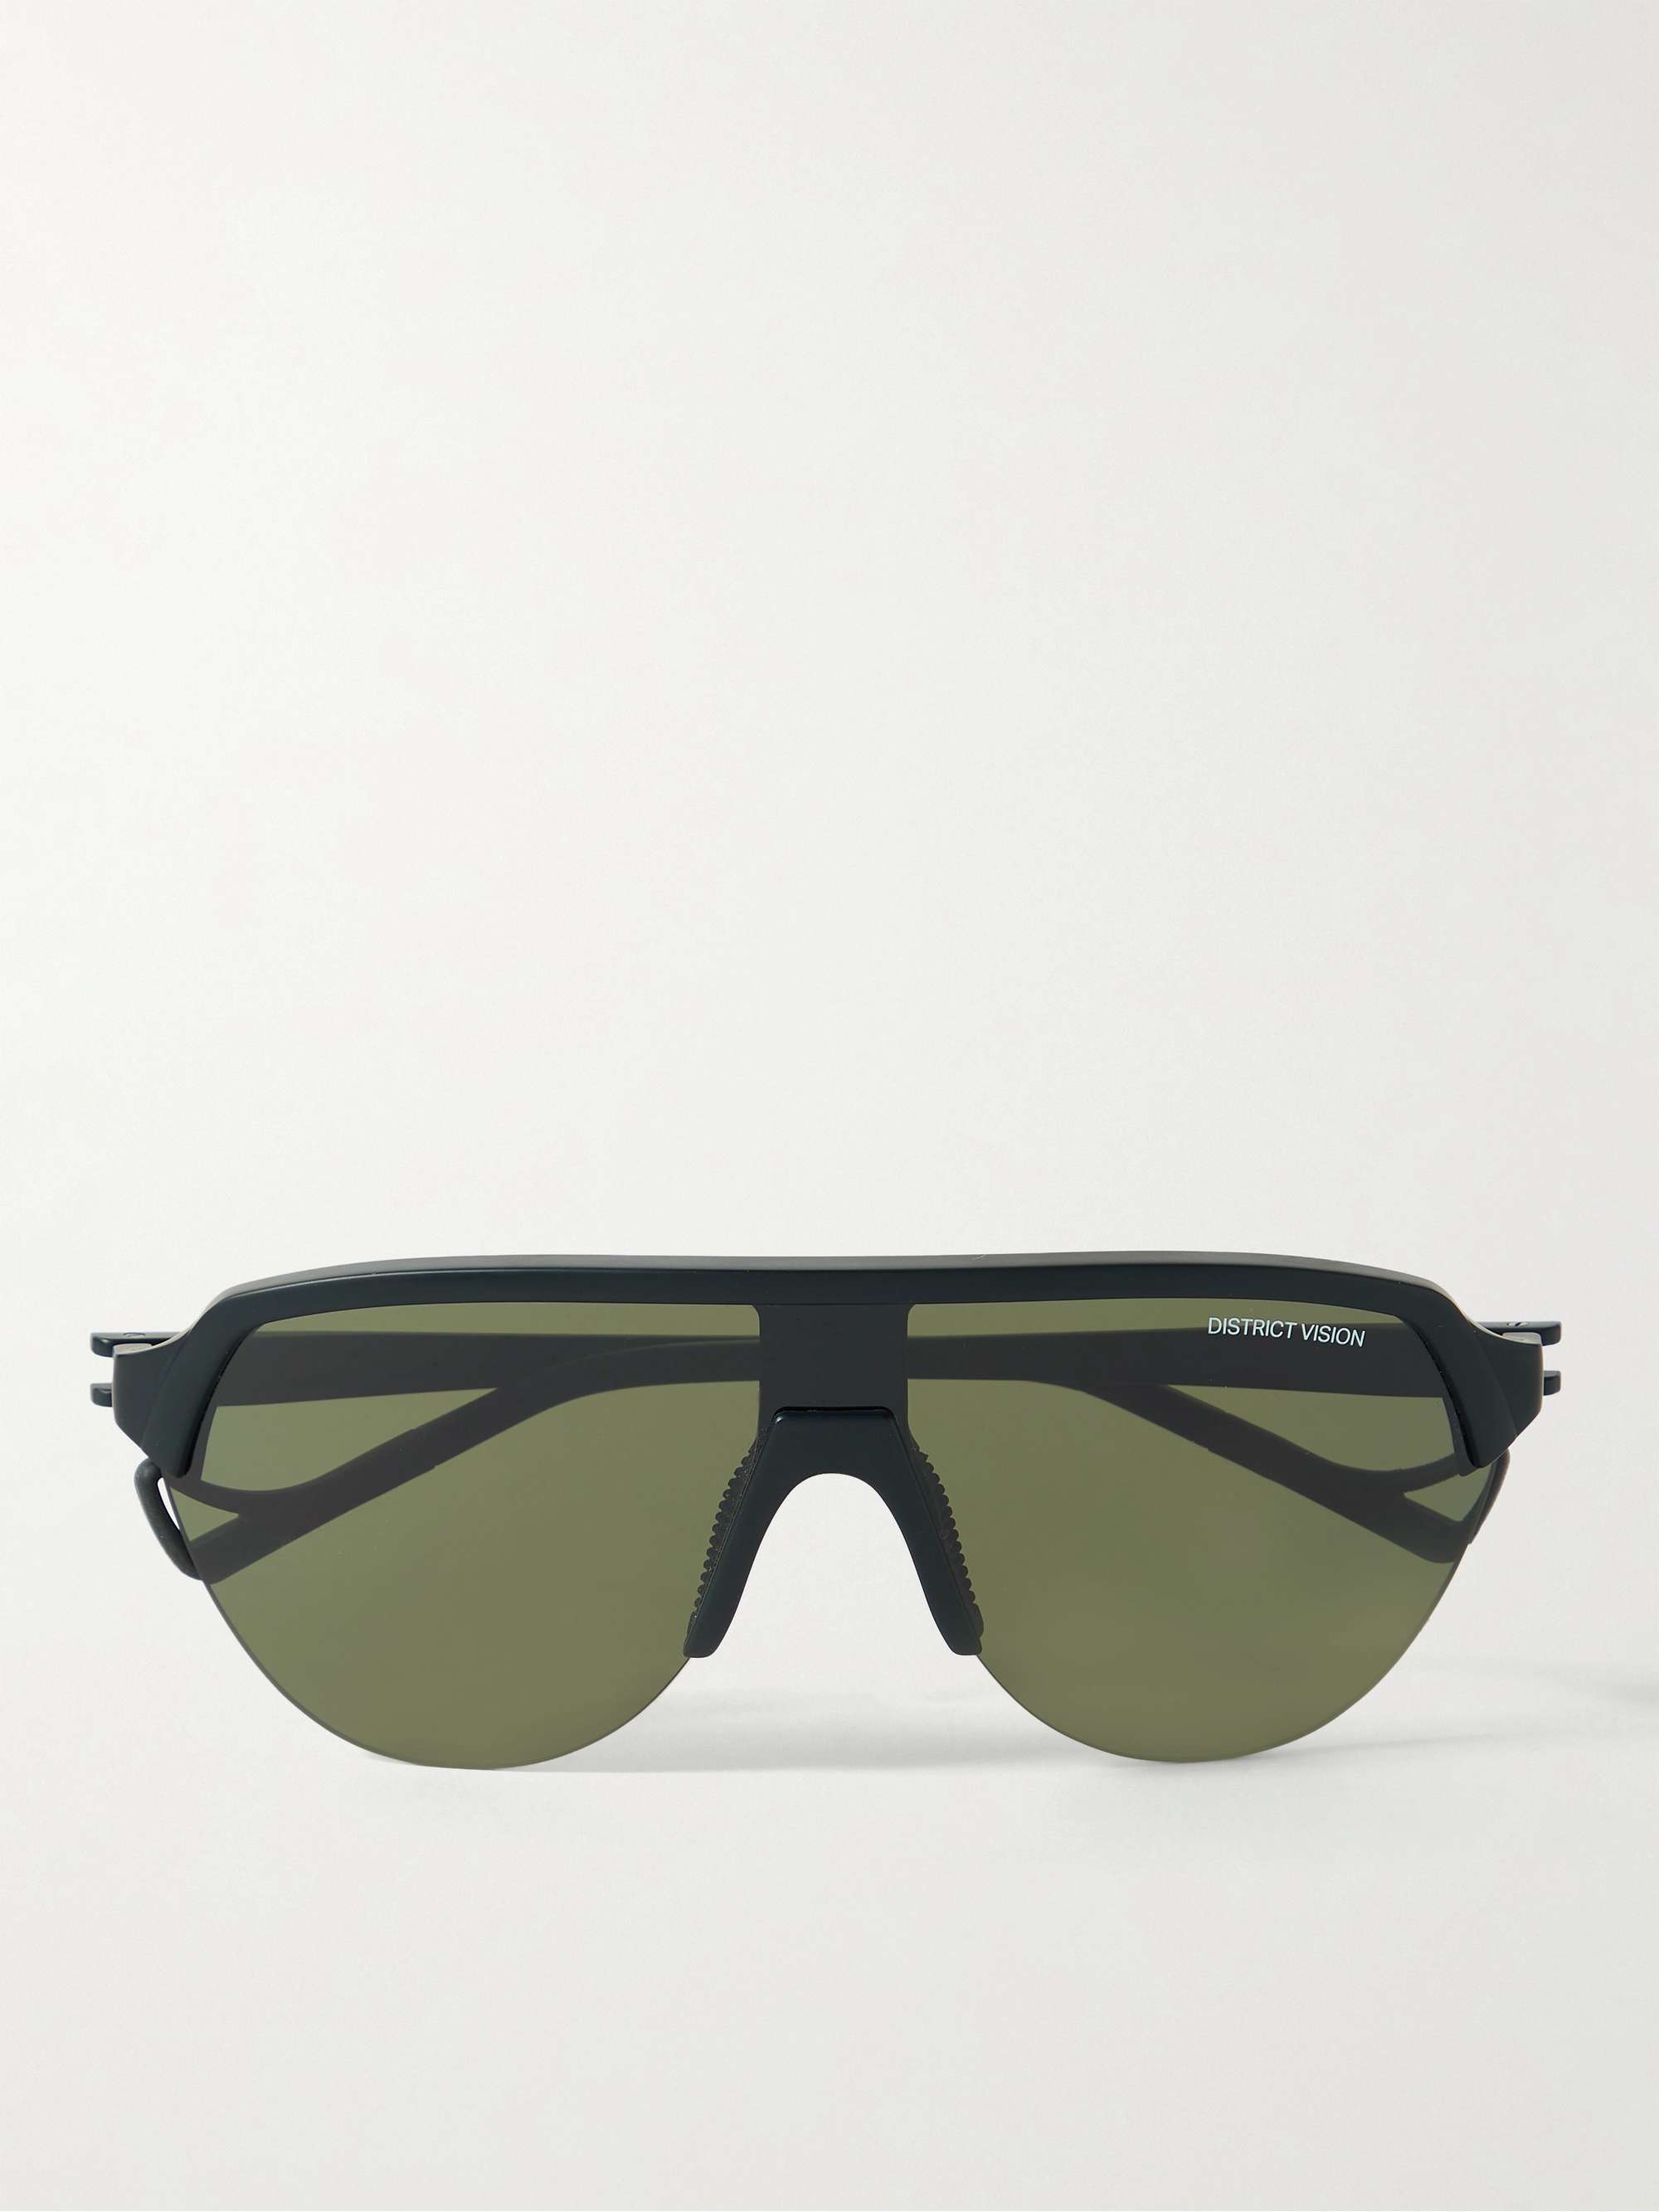 DISTRICT VISION Nagata Speed Blade Nylon and Titanium Sunglasses
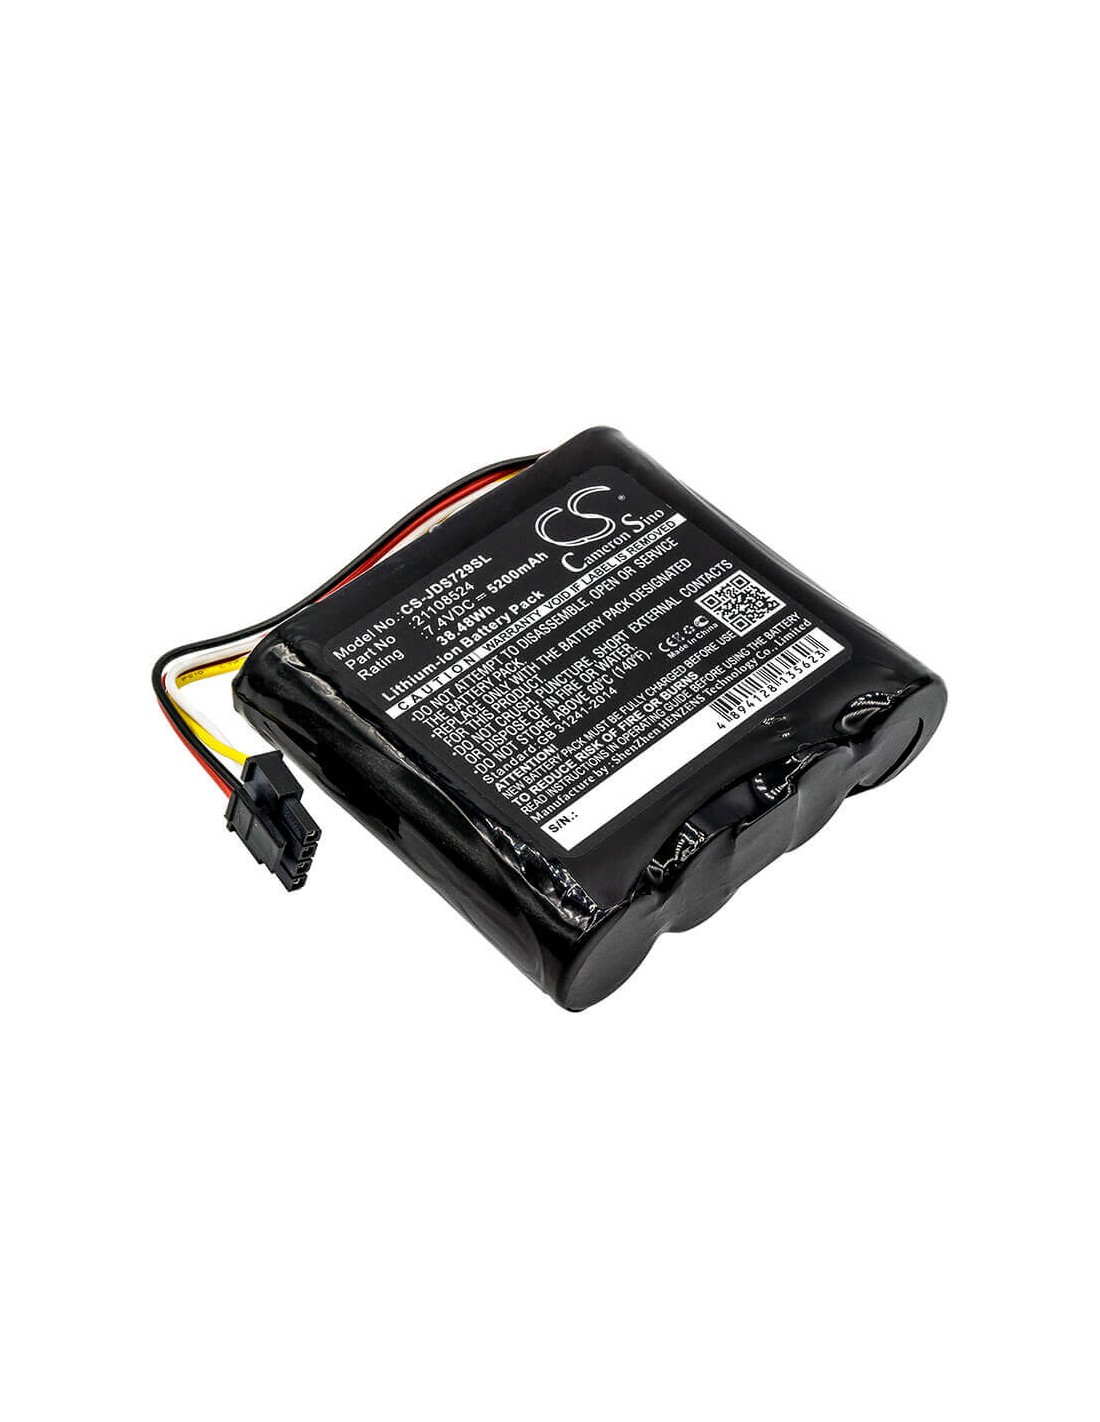 Battery for Jdsu 21129596 000, 21100729 000, Wifi Advisor Wireless Lan Analyzer 7.4V, 5200mAh - 38.48Wh
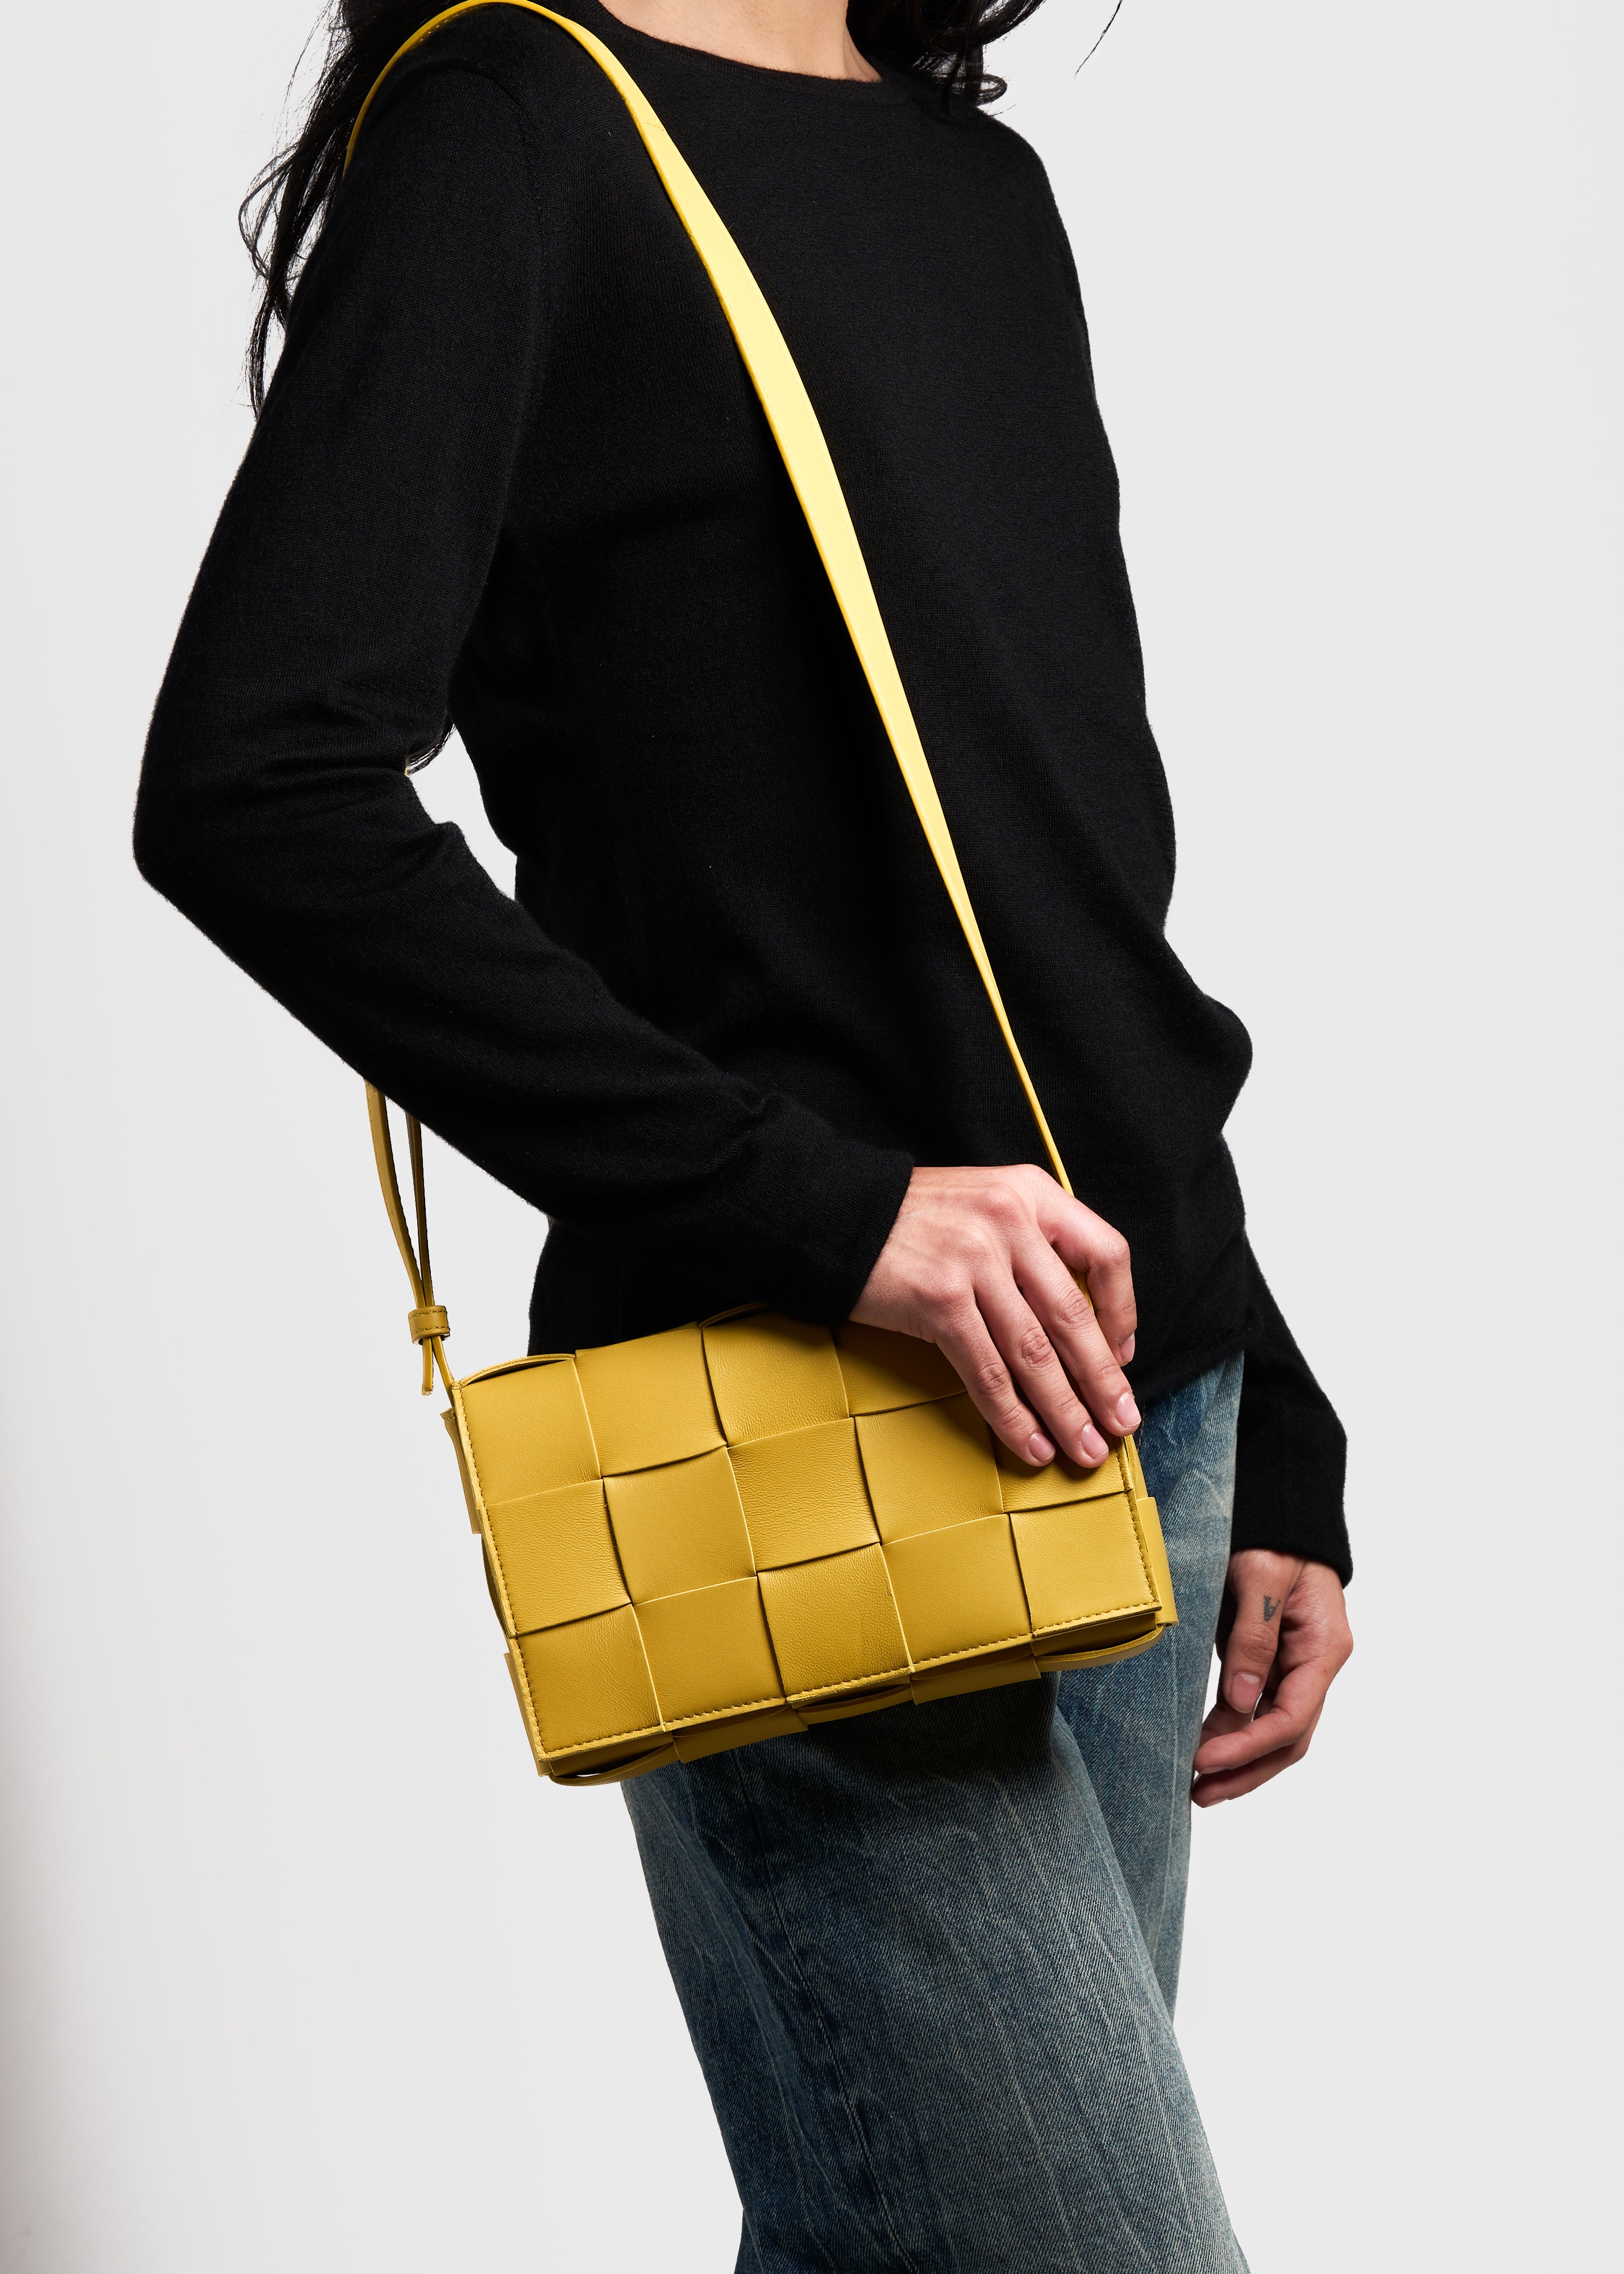 Bottega Veneta Brick Intrecciato Leather Shoulder Bag White Gold

◆ **WHAT IS EXPECTED**: Line by line, return the listing above exactly, dropping every picture.

◆ **OUTPUT BELOW**:
 DISTRICT VISION Nagata Speed Blade Nylon and Titanium Sunglasses
 Battery for Jdsu 21129596 000, 21100729 000, Wifi Advisor Wireless Lan Analyzer 7.4V, 5200mAh - 38.48Wh
 Bottega Veneta Brick Intrecciato Leather Shoulder Bag White Gold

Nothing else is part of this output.